Ophthalmic practitioners, researchers and journals (ie @JAMAOphth, @AAOJournal) use Twitter to share and discuss peer-reviewed scientific ophthalmology publications [1,2,3,4]. Users can react to posts containing ophthalmic research using likes, comments, and retweets, which “pushes” the original post to a new set of users. There is, however, limited evidence to demonstrate the efficacy of Twitter for improving the citation count of scientific ophthalmology publications. In the present study, we utilise machine learning techniques to (1) characterise the performance metrics associated with Twitter usage in relation to scientific ophthalmology publications, and (2) examine the effectiveness of machine learning in the prediction of these Twitter performance metrics.

Data were collected on articles published on PubMed between the years 2016 and 2021 (inclusive) and identified with the word “ophthalmology”. Twitter performance metrics, including the number of tweets, number of likes, and number of retweets were collected from Twitter using the publicly available scientific API. Tweets were included that used the term "pubmed.ncbi.nlm.nih.gov". Tweets were linked to individual articles with PubMed ID.

Descriptive statistics were used to outline Twitter performance metrics. Wilcoxon signed rank tests (due to the non-parametric nature of the data as evaluated with Shapiro–Wilk tests) and chi squared tests were used to compare article characteristics with respect to title length, abstract length, and number of authors. Data underwent pilot machine learning analysis to gauge whether a signal were present in the prediction of Twitter performance metrics. Namely, text (title, abstract, author list, journal ISSN, and MeSH terms for each article) underwent pre-processing (capitalisation removal, negation detection, word stemming, stop-word removal, and conversion to a term-frequency inverse document frequency table), and were then randomly split into training and testing datasets (75%/25%).
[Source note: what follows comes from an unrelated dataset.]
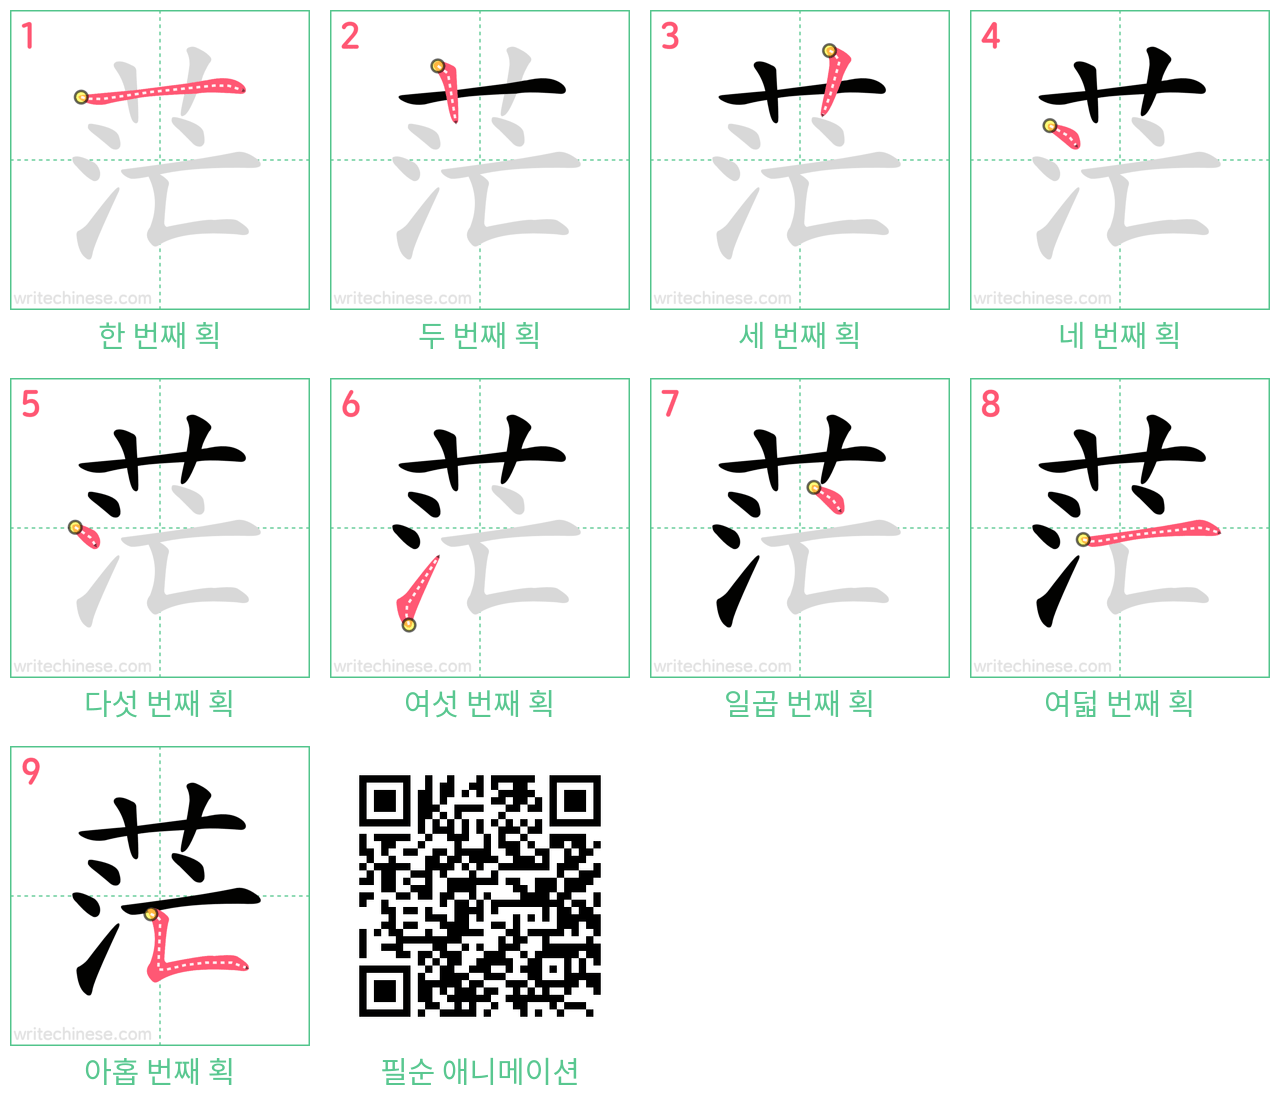 茫 step-by-step stroke order diagrams

A XGBoost was then developed on the training dataset, prior to evaluation on the holdout test dataset, aiming to predict whether any given article would receive ≥ 1 tweet or no tweets. This model was chosen due to the imbalanced nature of the dataset. The primary outcome was the area under the receiver operator curve (AUROC). This study did not require institutional ethical approval due to the use of publicly available data.

The number of included articles was 433,710. The number of articles which had ≥ 1 tweet identifiable was 1270 (0.29%) (see Table 1). Overall, the median citation count was 2 (IQR 0 to 6). For articles that had tweets, the median tweet count was 1 (IQR 1 to 2), the median cumulative like count was 1 (IQR 0 to 5), and the median cumulative retweets was 0 (IQR 0 to 2). The percentage of articles that were in the top quartile for citation count, which had ≥ 1 tweet was 34.4% (number 437/1270). Conversely, the percentage of articles that were in the top quartile for citation count, which had 0 tweets was 27.8% (number 12023/43244).
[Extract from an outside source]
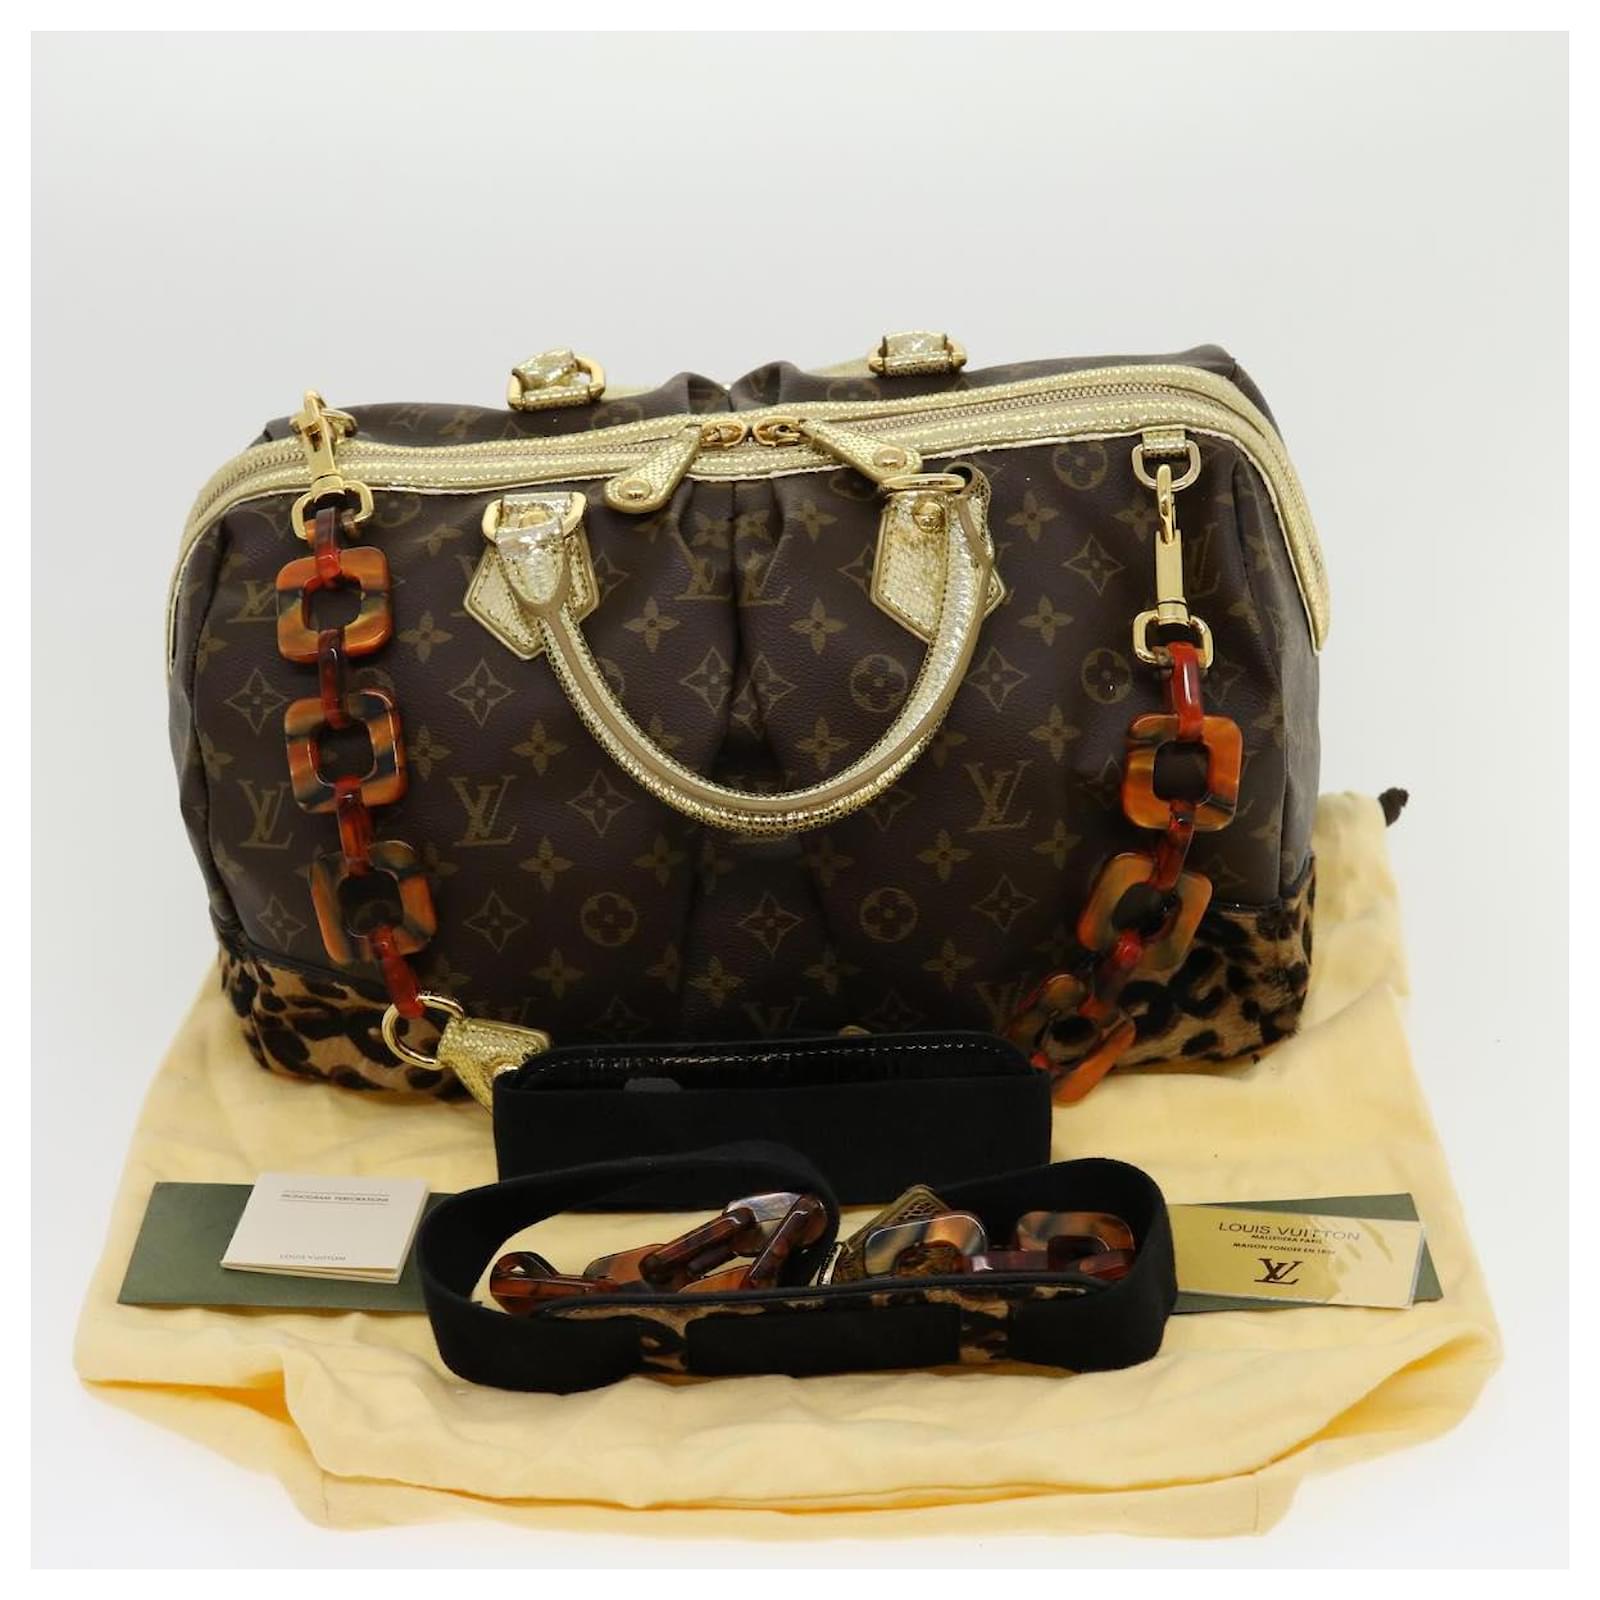 Handbags Louis Vuitton Louis Vuitton Monogram Alma Voyage mm Hand Bag M41446 LV Auth knn080

Table 1 Characteristics of the included articles

When machine learning was used to predict Twitter performance metrics an AUROC of 0.78 was returned. This was associated with an accuracy of 0.97 (10 true positive, 345 false negative, 10,764 true negative, and 10 false positive). It can be seen that these performance characteristics need to be viewed in the context of an unbalanced test dataset.

This study has shown preliminary evidence to support that Twitter may improve the dissemination of scientific ophthalmology publications. We report that scientific ophthalmology publications with higher performance on Twitter metrics, namely having at least one tweet, may be associated with higher performance on conventional academic metrics such as citations. It is important to note the observational and retrospective nature of this analysis. We recgonise that the “black box” nature of machine learning lessens interpretability, and that reverse causality may account for the study findings by producing a biased model. Further studies may seek to trial engagement with social media in a randomised manner to gauge whether such activity influences the scientific impact of articles. Continued work in this field may also explore the effect of the dissemination of false or misleading ophthalmic research findings through Twitter, a topic of growing concern [5].